2021, Feb 8, ISAM Webinar: Human lung cell culture models for developing aerosol medicines

Next ISAM Webinar - February 8, 2021

Title: Human lung cell culture models for developing aerosol medicines against bacterial infections

Time: 8 am – 9 am (San Diego, CA); 11 am – 12 am (New York, NY); 5 pm – 6 pm (Paris, France)

ZOOM Webinar Link: https://zoom.us/j/99309369199

Presented by Claus-Michael Lehr

Helmholtz Institute for Pharmaceutical Research Saarland (HIPS), and Saarland University, Department of Pharmacy, 66123 Saarbrücken, Germany

Infectious diseases are on the raise and increasing challenge to human health with mortality rates predicted too soon exceed those of cancer and other diseases. Regardless of the recent pandemic caused by Corona virus, the problem of antimicrobial resistance continuous to increase while the number of new antibiotics and even the number of companies engaging in those is decreasing. Besides the need for new targets and molecules for anti-infective compounds, such as e.g. pathoblockers, there is also a need to deliver those across biological barriers preventing access to the target site. In this context aerosol medicines and pulmonary drug delivery deserve particular attention.

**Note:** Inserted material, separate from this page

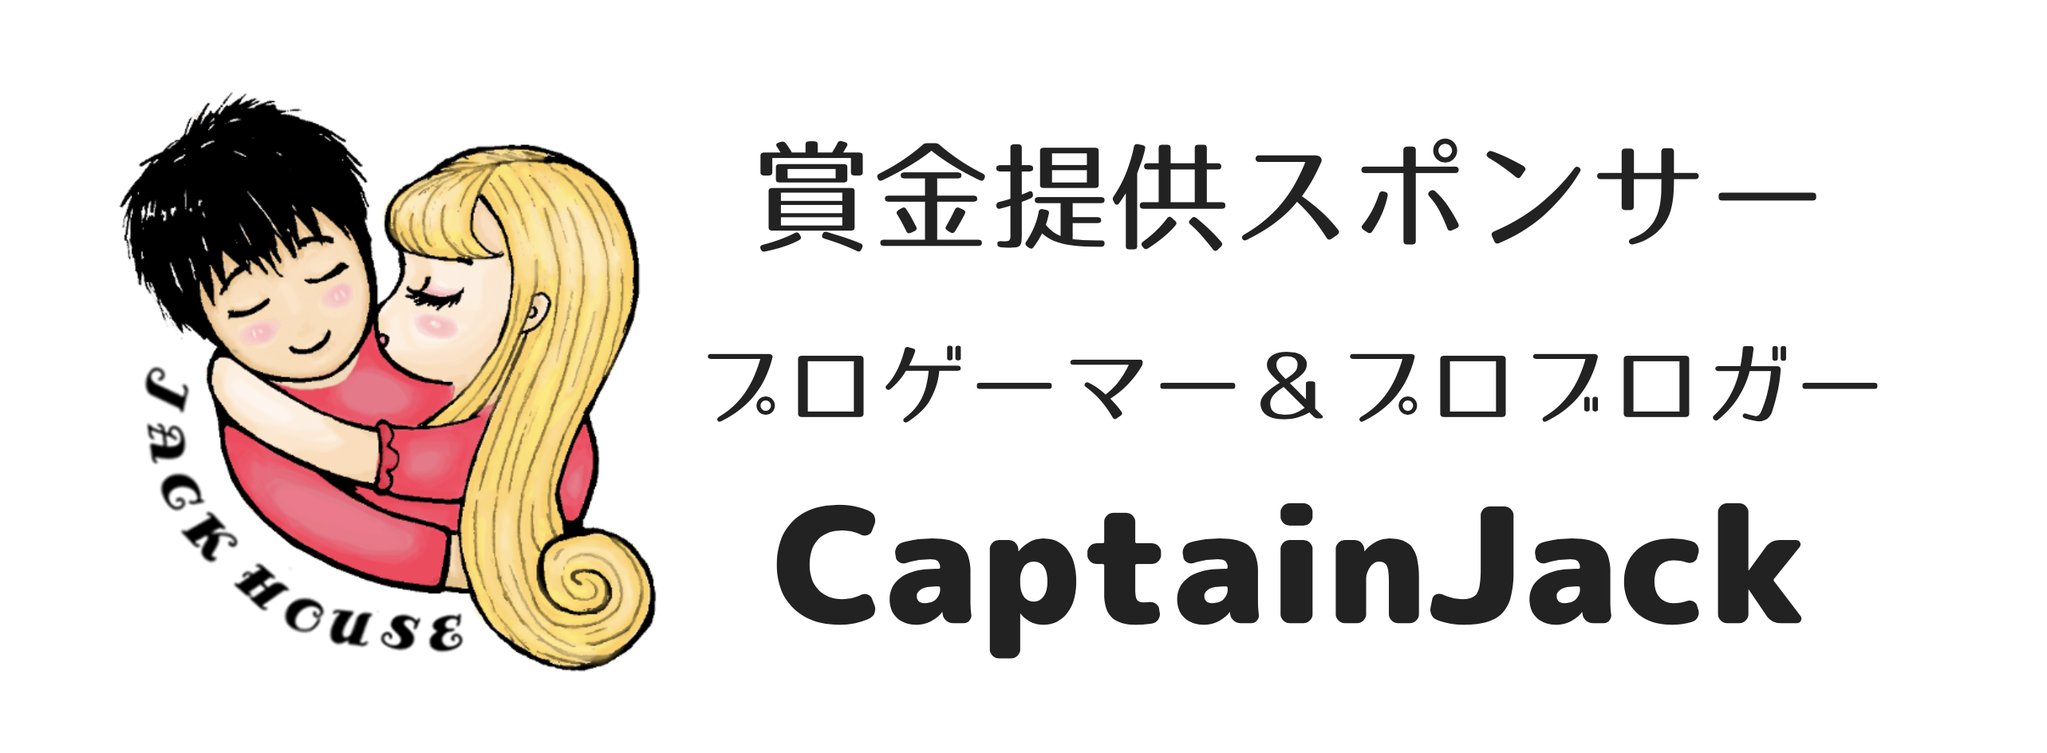 賞金提供スポンサー CaptainJack

The air-blood barrier of the lungs with its large size (>100m2) and very thin epithelium (1-2μm) is a most attractive site for both systemic as well as local drug delivery. To study the cellular interactions of drugs and nanoparticles after deposition in the deep lung, our group has pioneered human alveolar epithelial cell models, including primary cells and as cell lines (1,2). More recently, we are moving towards microfluidic devices and more complex co-cultures, allowing to mimic the air-blood-barrier also in state of inflammation and chronic infections by biofilm forming bacteria (3,4,5). In vitro studies on such systems suggest that some novel self-assembling nanocarriers (6), capable to co-deliver Tobramycin and modern PQSI may allow to significantly reduce the dose of the antibiotic for completely eradicating the bugs and thus to reduce the risk of inducing antimicrobial resistance.

References

1. Elbert, K. J. et al. Monolayers of human alveolar epithelial cells in primary culture for pulmonary absorption and transport studies. Pharm Res 16, 601–608 (1999).
2. Kuehn, A. et al. Human alveolar epithelial cells expressing tight junctions to model the air-blood barrier. ALTEX 33, 251–260 (2016).
3. Costa, A., et al. Triple co-culture of human alveolar epithelium, endothelium and macrophages for studying the interaction of nanocarriers with the air-blood barrier. ACTA BIOMATERIALIA 91, 235–247 (2019).
4. Artzy Schnirman, A. et al. Capturing the Onset of Bacterial Pulmonary Infection in Acini‐On‐Chips. Adv. Biosys. 3, 1900026 (2019).
5. Montefusco-Pereira, C. V. et al. P. aeruginosa Infected 3D Co-Culture of Bronchial Epithelial Cells and Macrophages at Air-Liquid Interface for Preclinical Evaluation of Anti-Infectives. JoVE (2020). doi:10.3791/61069
6. Ho, D.-K. et al. Squalenyl Hydrogen Sulfate Nanoparticles for Simultaneous Delivery of Tobramycin and an Alkylquinolone Quorum Sensing Inhibitor Enable the Eradication of P. aeruginosa Biofilm Infections. Angew. Chem. Int. Ed. Engl. 59, 10292–10296 (2020).